What this might imply for managing some future energy crisis might be deduced from the 3-day week. A temporary shutdown of energy intensive industries, for example, might also be interpreted as the realisation that much of our “store” of energy can in fact be more cheaply held in the form of stocks of the energy-intensive products themselves. There are in reality many ways of managing energy and many other risks. What is required is identification of what the risks are and the development of good coping strategies.
Perhaps a final observation Is that we cannot assume historical weather patterns, even over many decades, are not necessarily a perfect guide to what weather we might experience as climate change has an increasing impact on weather patterns, introducing additional uncertainty and additional risks. So climate change adds further risks even to the measures that need to be taken in mitigation.
Expect more discussion of these issues as they increasingly impact on our strategic choices.
 The main conclusions (subsequently refined) were presented in April 2021 and were communicated to BEIS in May 2021.
 A credible target given the pace of current advances in battery technology. Peter Bruce’s assessment of battery costs at the Energy Day suggested an estimate of this order.
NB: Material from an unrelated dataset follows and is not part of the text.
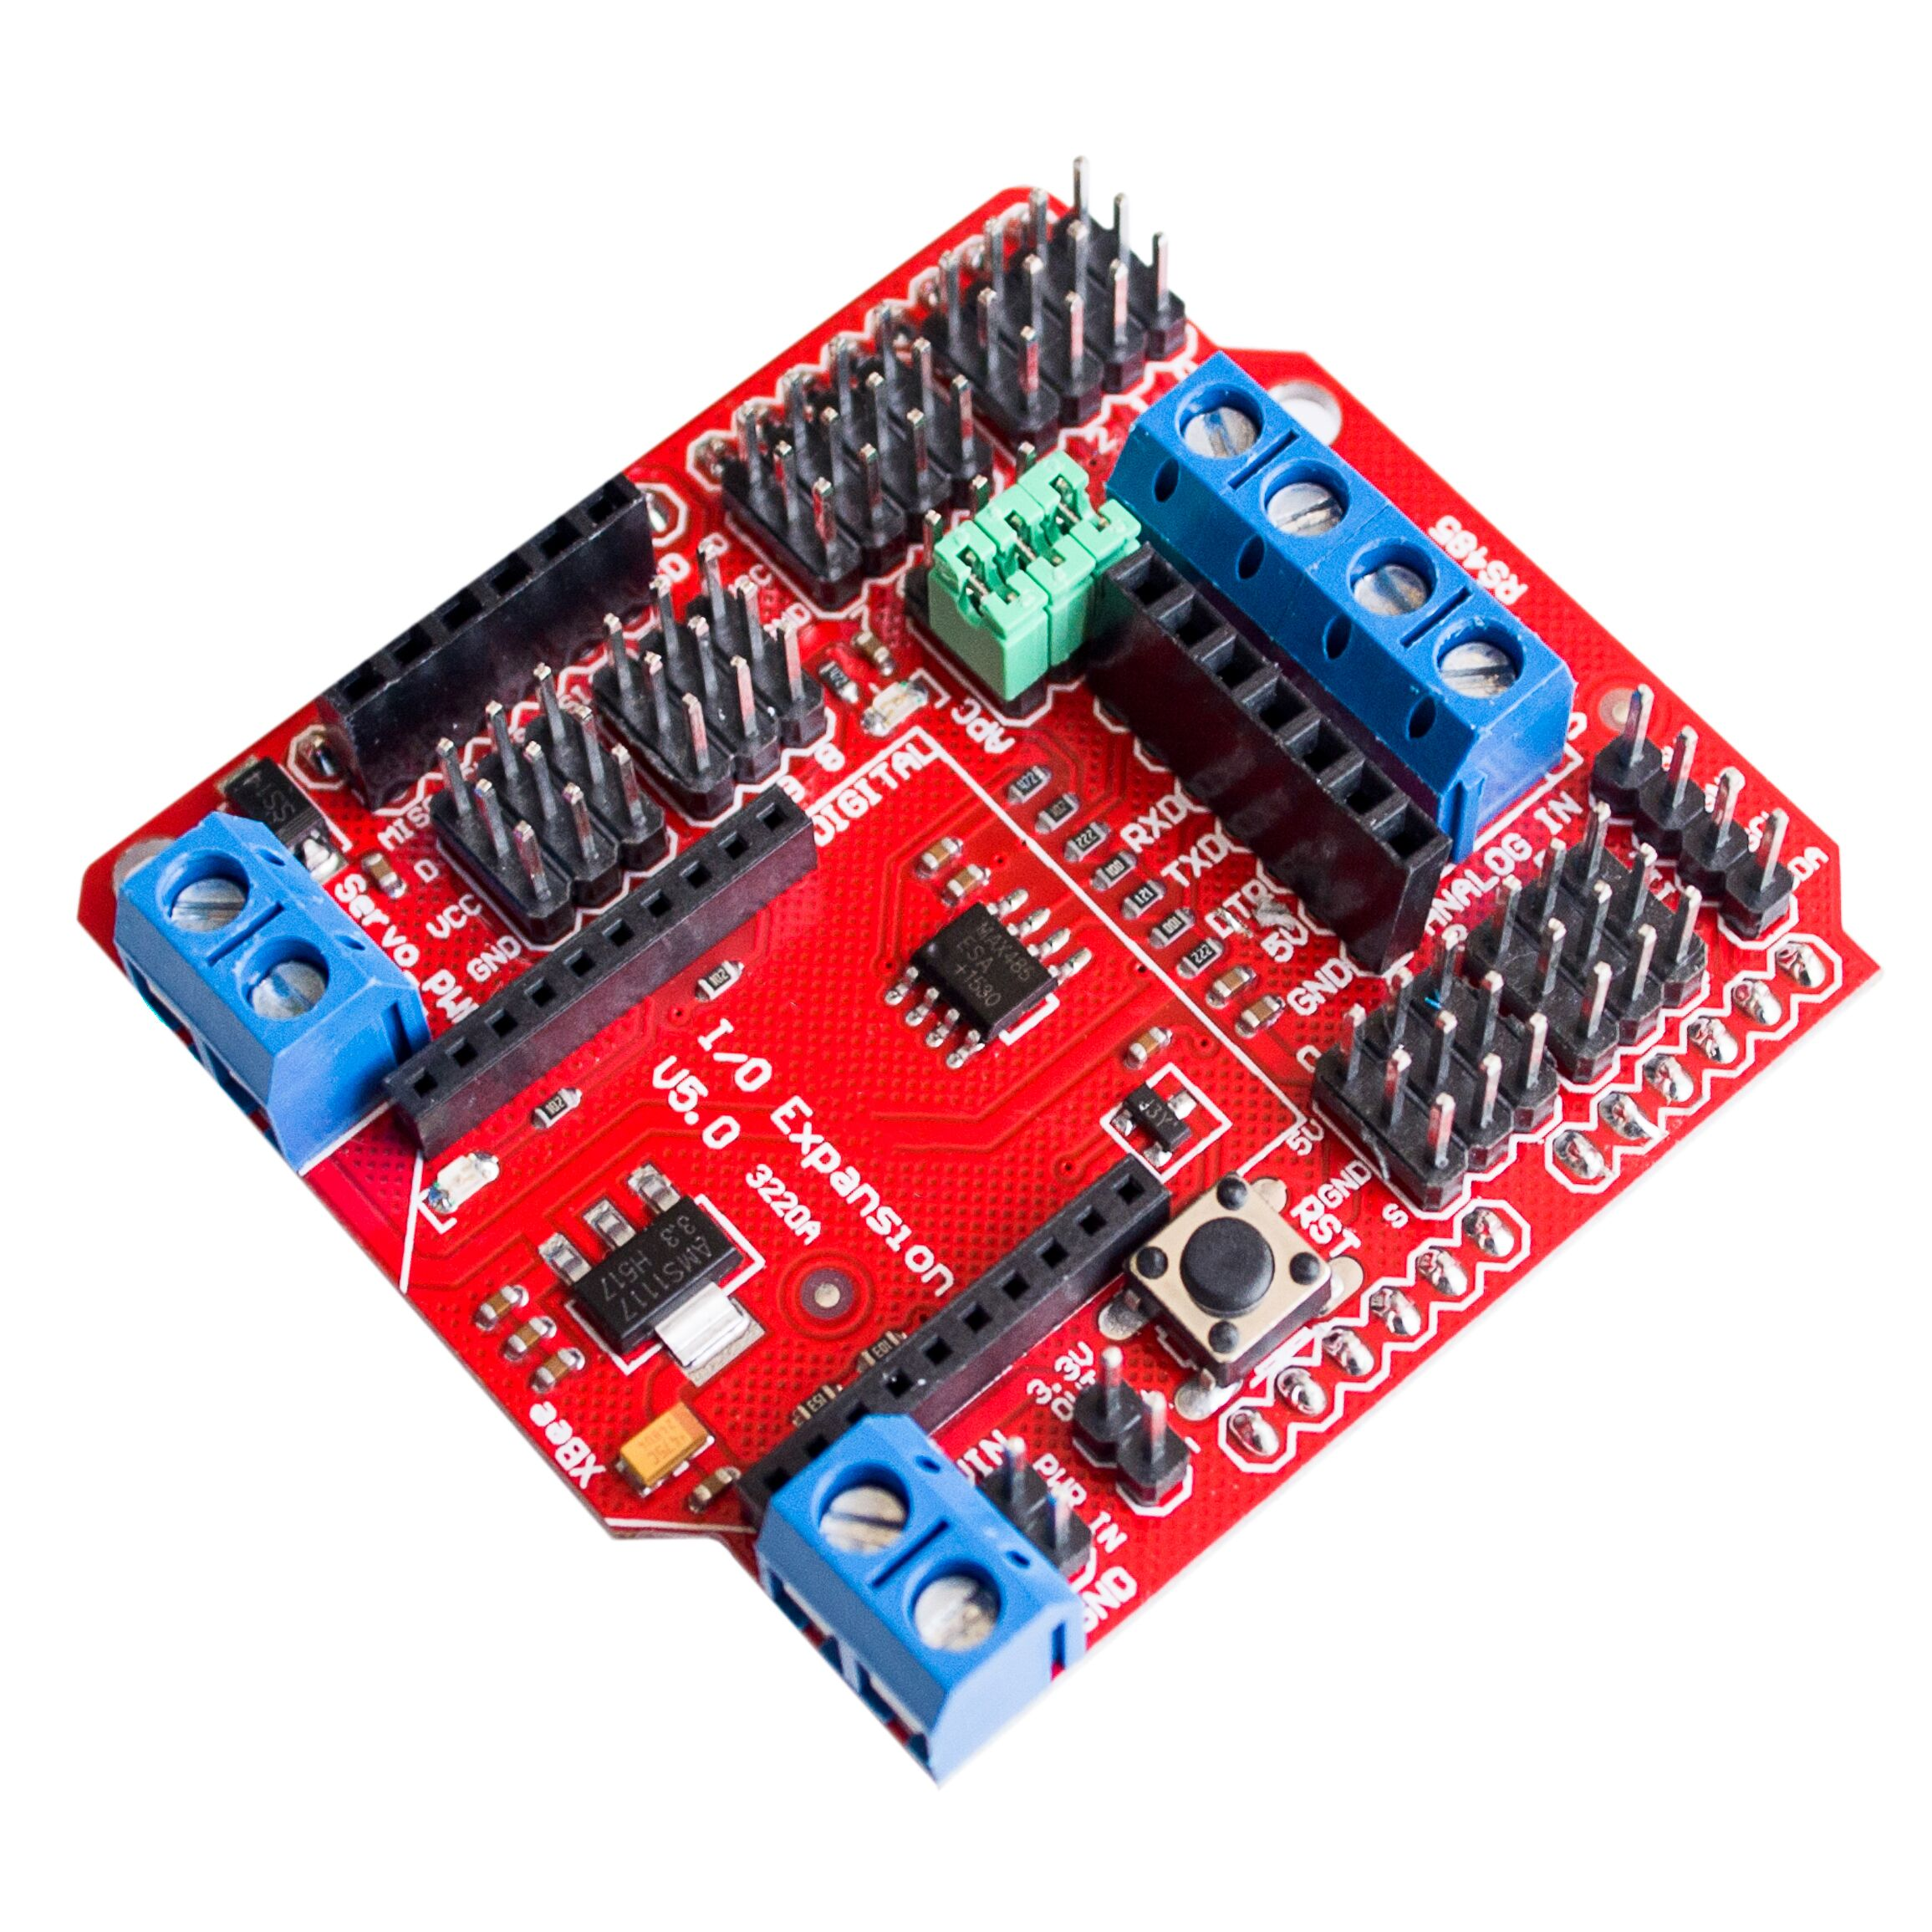 Xbee sensor shield V5 con RS485 y interfaz Bluetooth BLUEBEE para

 Dinorwic pumped hydro in North Wales stores about 8 GWh output of energy. It cost c £425 mn in 1990, or about £ 100 per kWh in 2022 money. Current lithium battery costs have recently fallen to this level and can be expected to fall a little further, perhaps to around £ 75 per kWh.
 We can define a hypothetical storage need for “flattening” a load curve as the storage needed assuming 100% conversion efficiency, 100 % load factor of generation output which exactly equals total consumption. On this basis daily load curve flattening, historically, needs a mere 80 GWh, about 10 Dinorwics. But a notional flattening of the annual curve, calculated from monthly seasonal pattern, needs about 17,000 GWh or about 2000 Dinorwics. In fact as the analysis shows, this need not depend entirely on storage and, for current seasonal patterns, could be largely managed by seasonal balancing (wind/solar mix) of renewable capacity. Current UK annual consumption is of the order of 300,000 GWh. (Seasonal balancing needs can be checked from data atstatista or other data sources)
 The Met Office suggest this does not provide a sufficient sample of “rare” weather events, indicating the need for contingency provision.
 Readers may be surprised that a smaller solar percentage actually requires storage of winter output for use in summer.
 It is interesting that at least one commentator has suggested that Germany, given the risks of its high dependence on gas, might usefully learn from UK experience in 1973/74 measures.